Wednesday, December 11, 2013

Tips for tipping during the holiday

Ways to say thanks without breaking the bank


    Although many people look forward to the holidays, no one enjoys the stress and errands that precede them. Questions of how or what to tip the many service providers that make our lives better only add to that holiday stress. Put that stress to rest by keeping these holiday tipping guidelines in mind, and you will have less to worry about during the holidays.
    Diane Gottsman, owner of The Protocol School of Texas and an etiquette and modern manners expert, considers holiday tipping “a way to show gratitude to those that provide you with loyal service throughout the year.” Consider “your relationship with the person, the frequency of your service and the quality of care that the person provides.” Maralee McKee, founder of Manners Mentor, summarizes, “The more you see them the more you ought to tip them.”
    The basic rule of holiday tipping is that for regular service, your tip should equal the cost of that service. For example, tip your babysitter the cost of an average night’s work. If you use a dog walker, housekeeper or gardener, tip what you pay for a week’s work. This rule covers most service providers, including manicurists, personal trainers, massage therapists and hair stylists.
    For those service providers that do not charge a regular fee, Gottsman and McKee offer some specific guidelines.
l Teachers: Both Gottsman and McKee suggest—if not prohibited by the school’s gift giving policy—coordinating with other parents to present a class gift so that each family can give an amount they feel is appropriate, without worrying about peer pressure. McKee says, “I know sometimes room moms love to give a room gift, but unless you know a teacher well outside of work ... then (an American Express or Visa gift card) will allow them to buy a gift for themselves or an extra gift for their family.”
l Mail carrier: Both Gottsman and McKee note that government regulations prohibit U.S. Postal Service mail carriers from accepting cash or gift cards. McKee says, “He or she can accept, at any one time, a (non-monetary) gift with a value of $20 or less, not to exceed $50 in a calendar year.” FedEx and UPS do not have similar restrictions, and Gottsman suggests tipping no more than $75, based on your relationship with the driver.

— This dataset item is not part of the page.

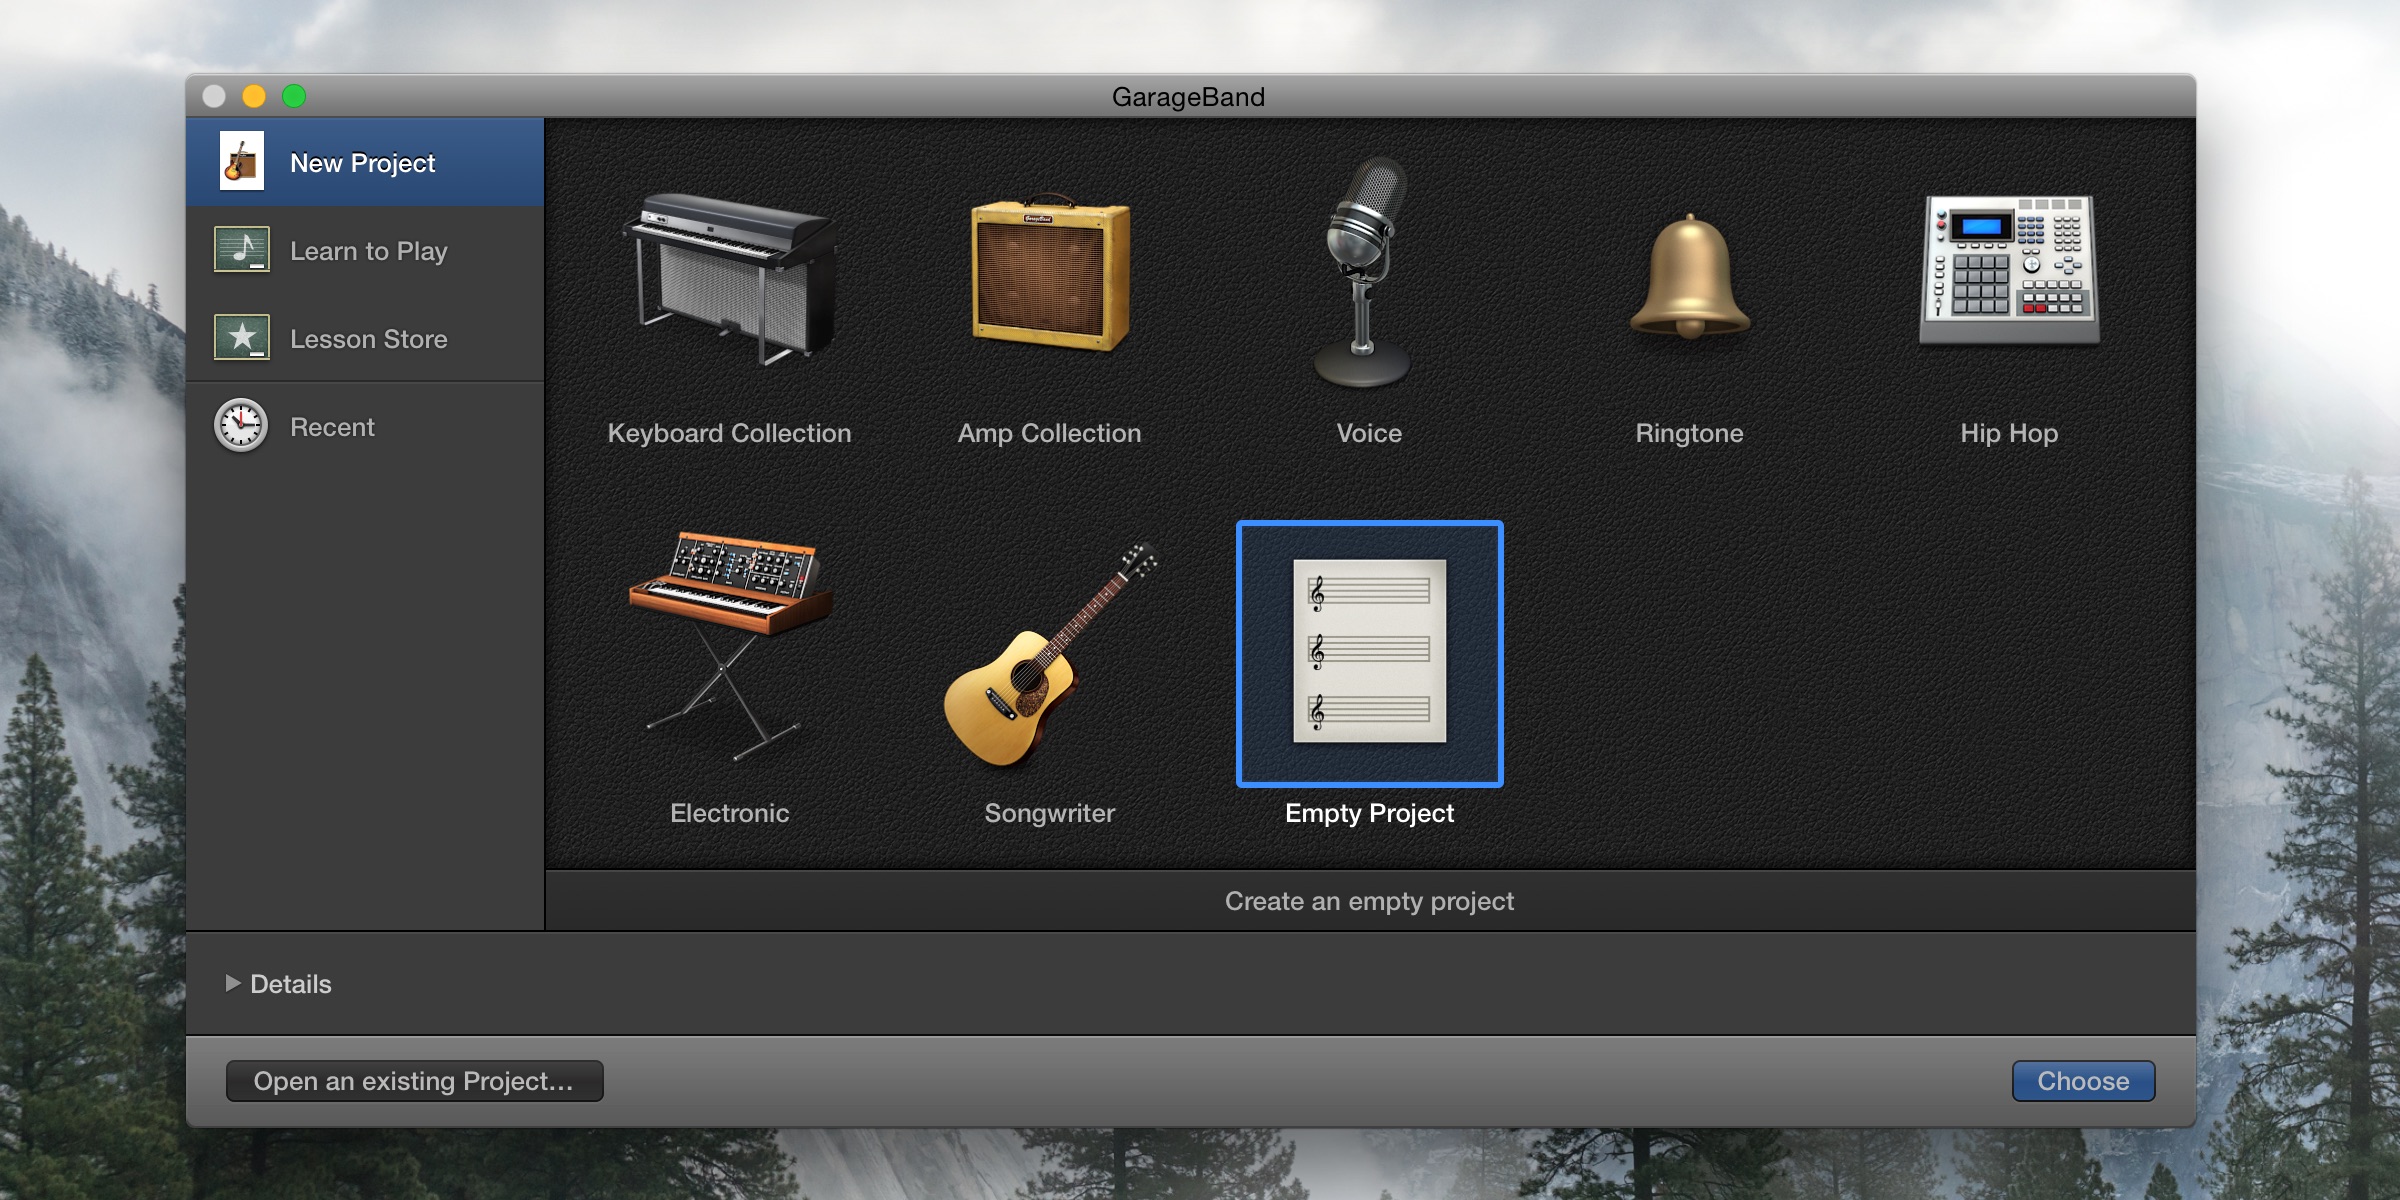 garageband for mac os x 10.7.5 download

l Trash collectors: Gottsman suggests checking with local regulations for public service employees. If allowed, she suggests a tip of $10-25 per person, and if you can’t catch them on their route, make arrangements with their corporate office.

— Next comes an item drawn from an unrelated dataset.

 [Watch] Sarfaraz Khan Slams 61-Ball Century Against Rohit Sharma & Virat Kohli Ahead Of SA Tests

l Newspaper delivery: Gottsman suggests tipping what you pay for an annual subscription, unless delivery service has been “extremely poor.”
l Nanny: Given the vital role in your child’s life, Gottsman stresses not overlooking this person. She suggests tipping one to two weeks’ pay and giving a small, handmade gift from your child.
    Finally, Gottsman and McKee have advice for families who have experienced hardship during the economic downturn. Remember that tipping is not mandatory. Gottsman says, “Tipping is a way to thank people for good service or a positive experience.” When deciding where to cut and how to tip, McKee says, “Tipping is a token of appreciation. Don’t go into debt to do it.” She adds, “‘Thriftiness’ is cutting back at your own expense. ‘Stinginess’ is cutting back at the expense of others.”
    As an alternative to giving cash tips, consider giving gifts. McKee suggests shopping for gifts during sales to make your budget go further. But she cautions that gifts serve as a reminder of the giver, so if they clash with the recipient’s style or interests, it may be a negative reminder. Similarly, while some people might appreciate a tin of baked goods, others might not if they have allergies or dietary restrictions.